Стихотворения | страница 6



I look yet for the trail of your dark fancy

To blur your testament."


 "No, Colgrevance,

There are no blurs or fancies exercising

Tonight where I am. Lancelot will ascend

Anon, betimes, and with no drums or shawms

To sound the appointed progress of his feet;

And he will not be lost along the way,

For there are landmarks and he knows them all.

No, Colgrevance, there are no blurs or fancies

Unless it be that your determination

Has made them for your purpose what they seem.

But here I beg your pardon, Colgrevance.

We reticent ones are given to say too much,

With our tongues once in action.
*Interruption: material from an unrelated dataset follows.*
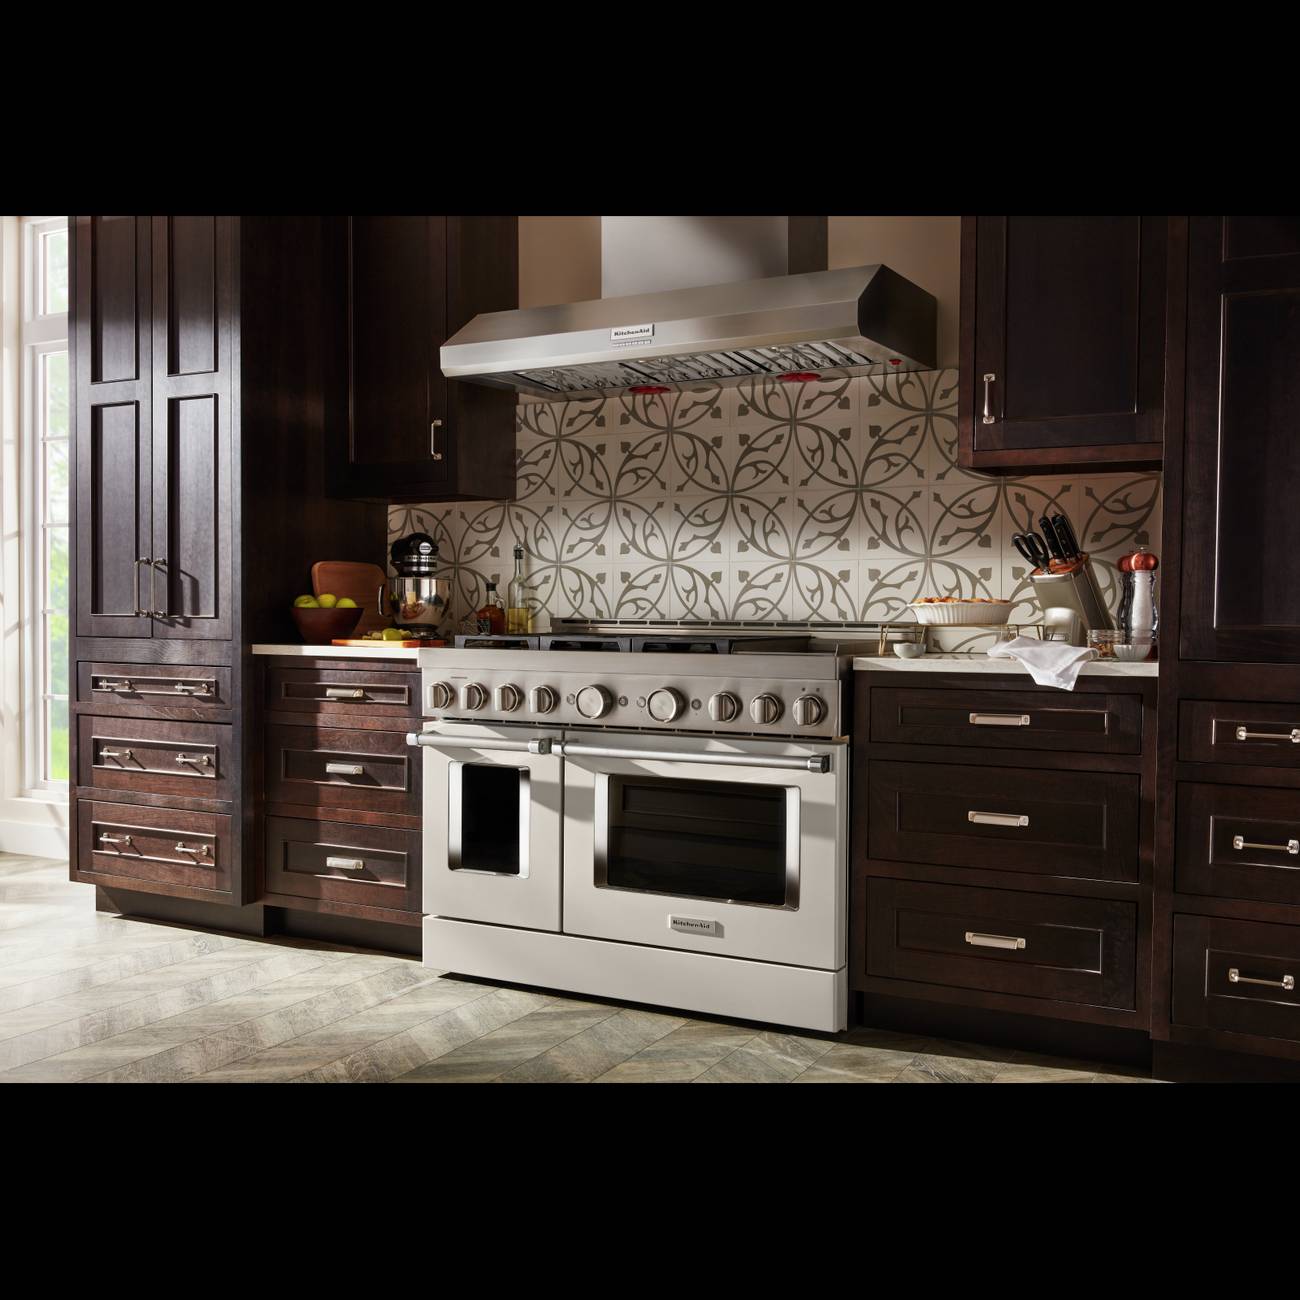 KitchenAid 48 in. GAS Commercial Cooktop with 6-Burners and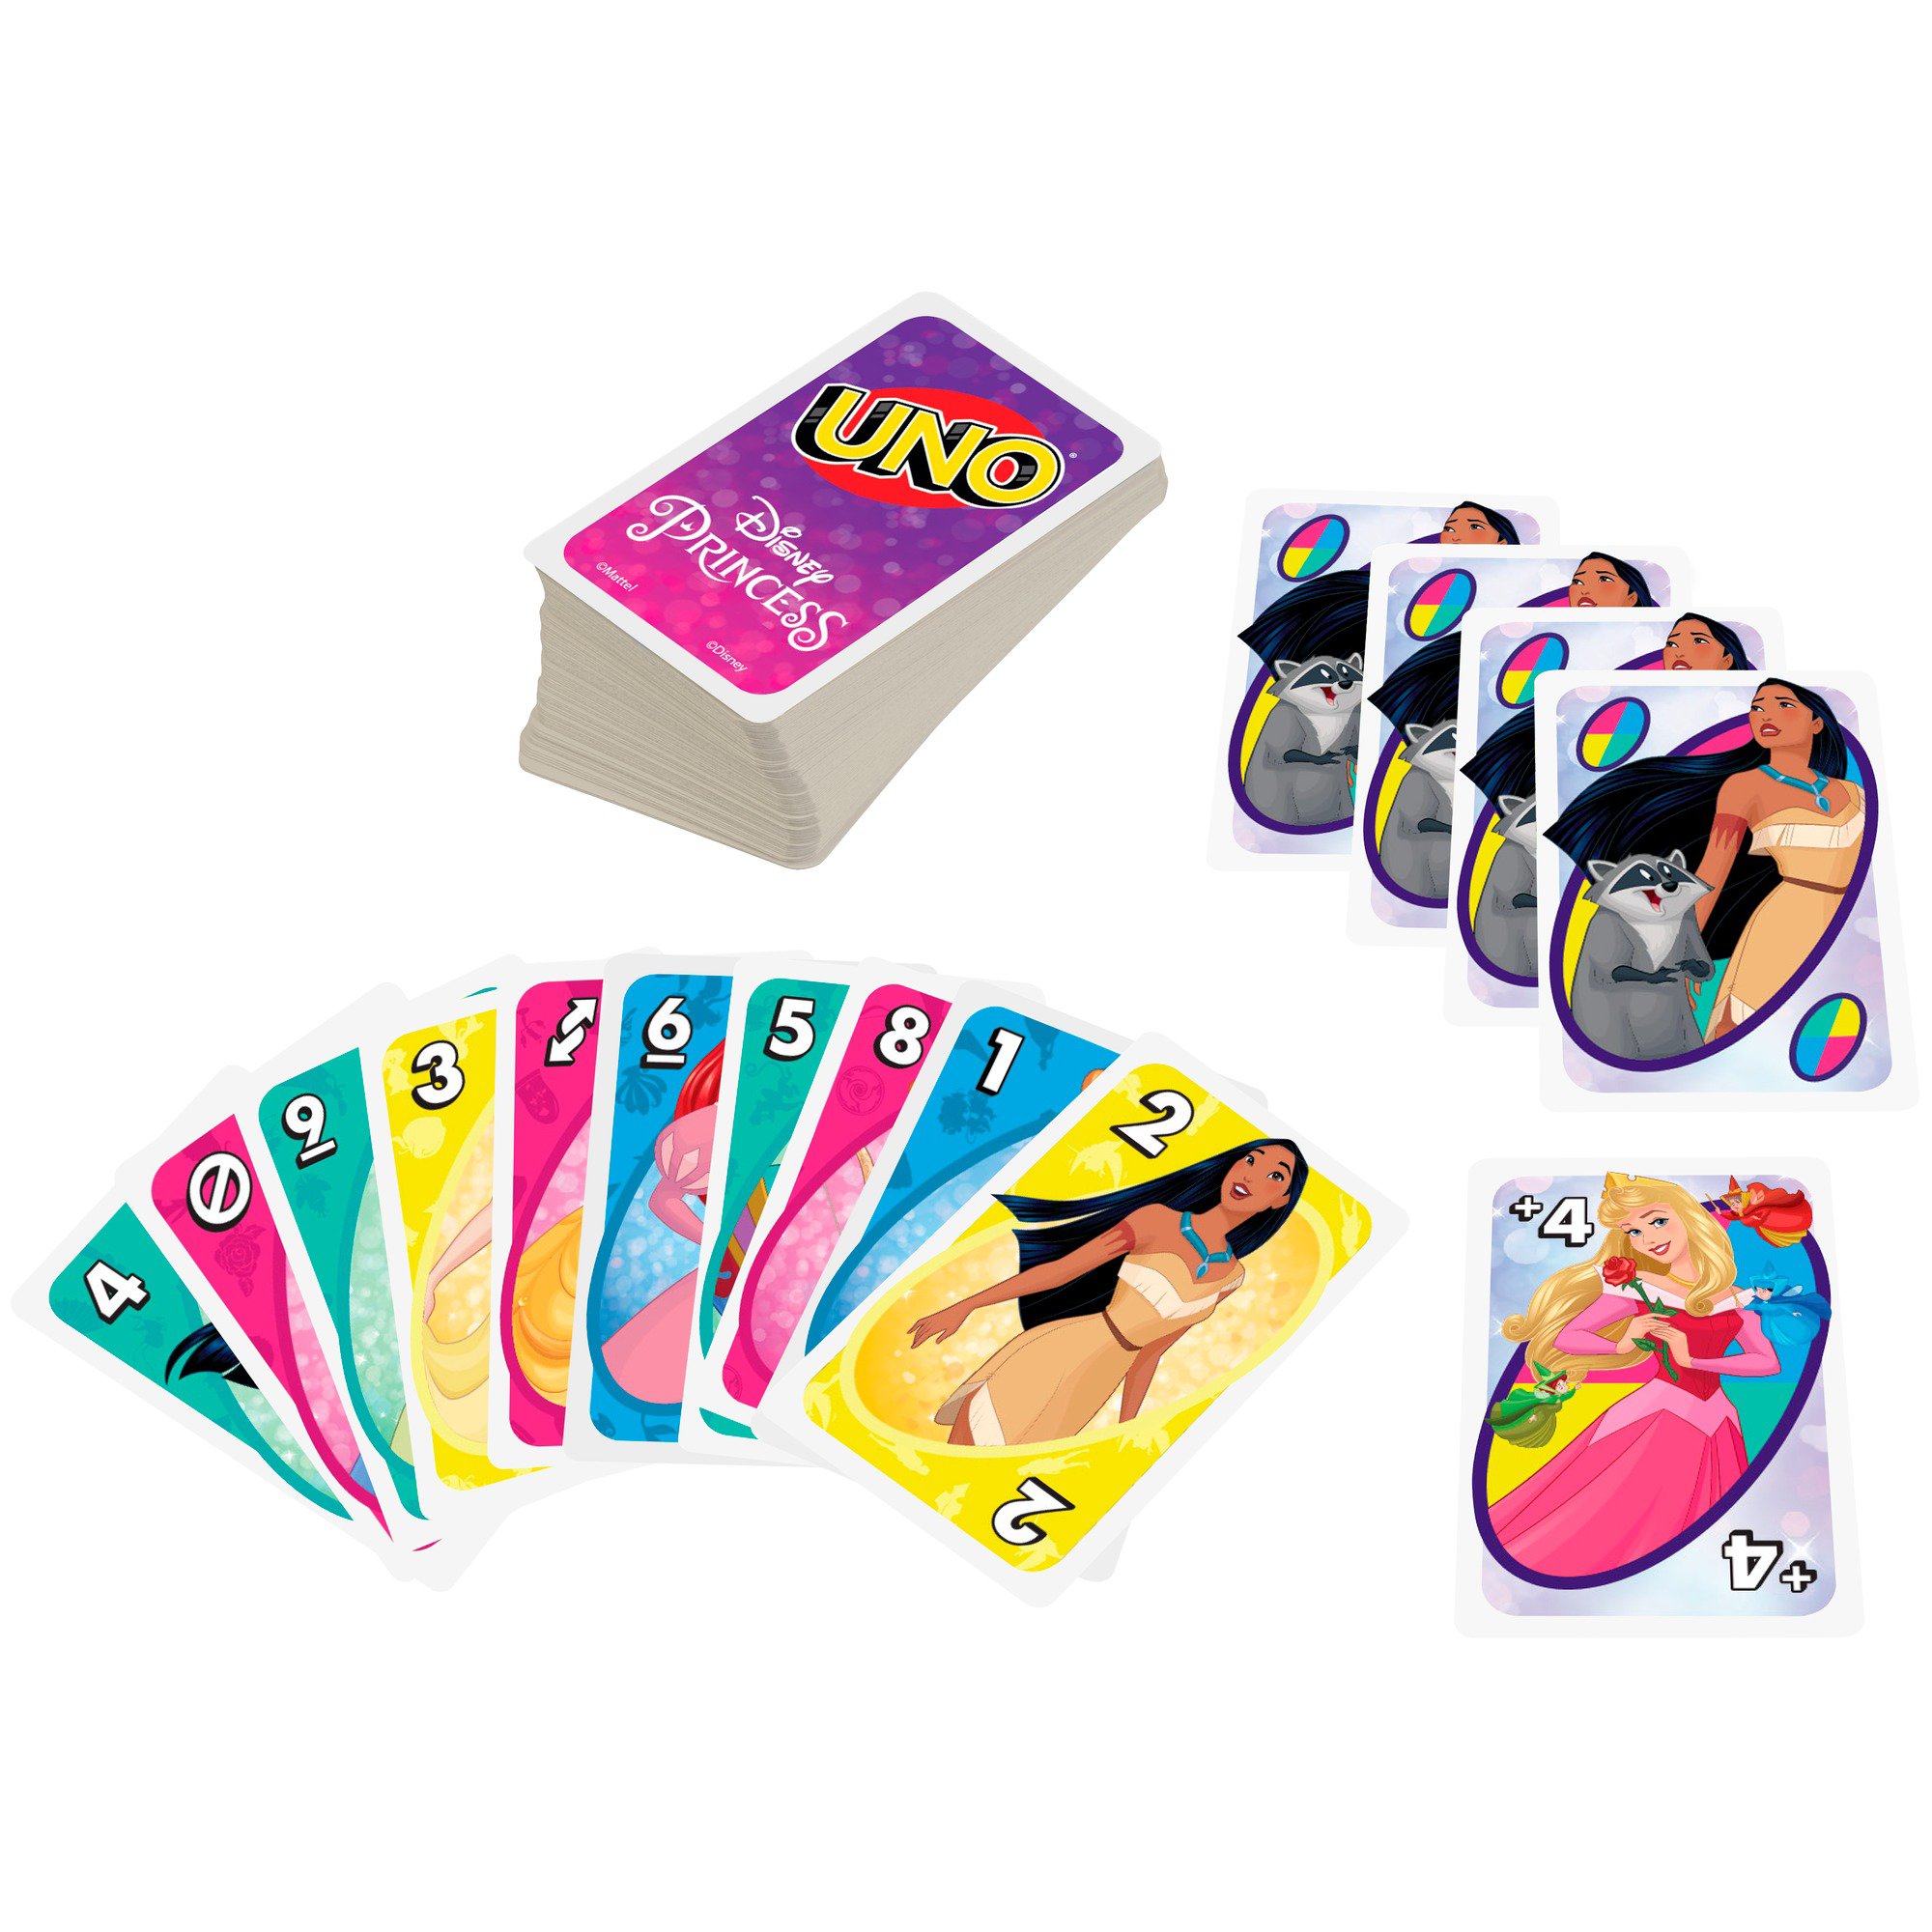 UNO Star Wars Edition Card Game - Shop Games at H-E-B

Pray forgive.

Your place tonight will be a shadowed alcove,

Where you may see this knight without a stain

While he goes in where no man save the king

Has dared before to follow. Agravaine

And I will meet you on the floor below,

Having already beheld this paragon-Joseph

Go by us for your clinching observation.

Then we, with a dozen or so for strength, will act;

And there shall be no more of Lancelot."


"Modred, I wish no ill to Lancelot,

And I know none of him," said Colgrevance.

"My dream is of a sturdier way than this

For me to serve my king. Give someone else

That alcove, and let me be of the twelve.

I swear it irks the marrow of my soul

To shadow Lancelot--though I may fight him,

If so it is to be. Furthermore, Modred,

You gave me not an inkling of the part

That you have read off now so pleasantly

For me to play. No, Modred, by the God

Who knows the right way and the wrong, I'll be

This night no poisonous inhabitant

Of alcoves in your play, not even for you.

No man were more the vassal of his friend

Than I am, but I'm damned if I'll be owned."


In a becoming darkness Modred smiled

Away the first accession of his anger.

"Say not like that," he answered, musically.

"Be temperate, Colgrevance. Remember always

Your knighthood and your birth. Remember, too,

That I may hold him only as my friend

Who loves me for myself, not for my station.

We're born for what we're born for, Colgrevance;

And you and I and Agravaine are born

To serve our king. It's all for the same end,

Whether we serve in alcoves, or behind

A velvet arras on another floor.

What matters it, if we be loyal men--

With only one defection?"


 "Which is--what?"

Said Agravaine, who breathed hard and said little,

Albeit he had no fame abroad for silence.


Delay--procrastination--overcaution--

Or what word now assimilates itself

The best with your inquiring mood, my brother.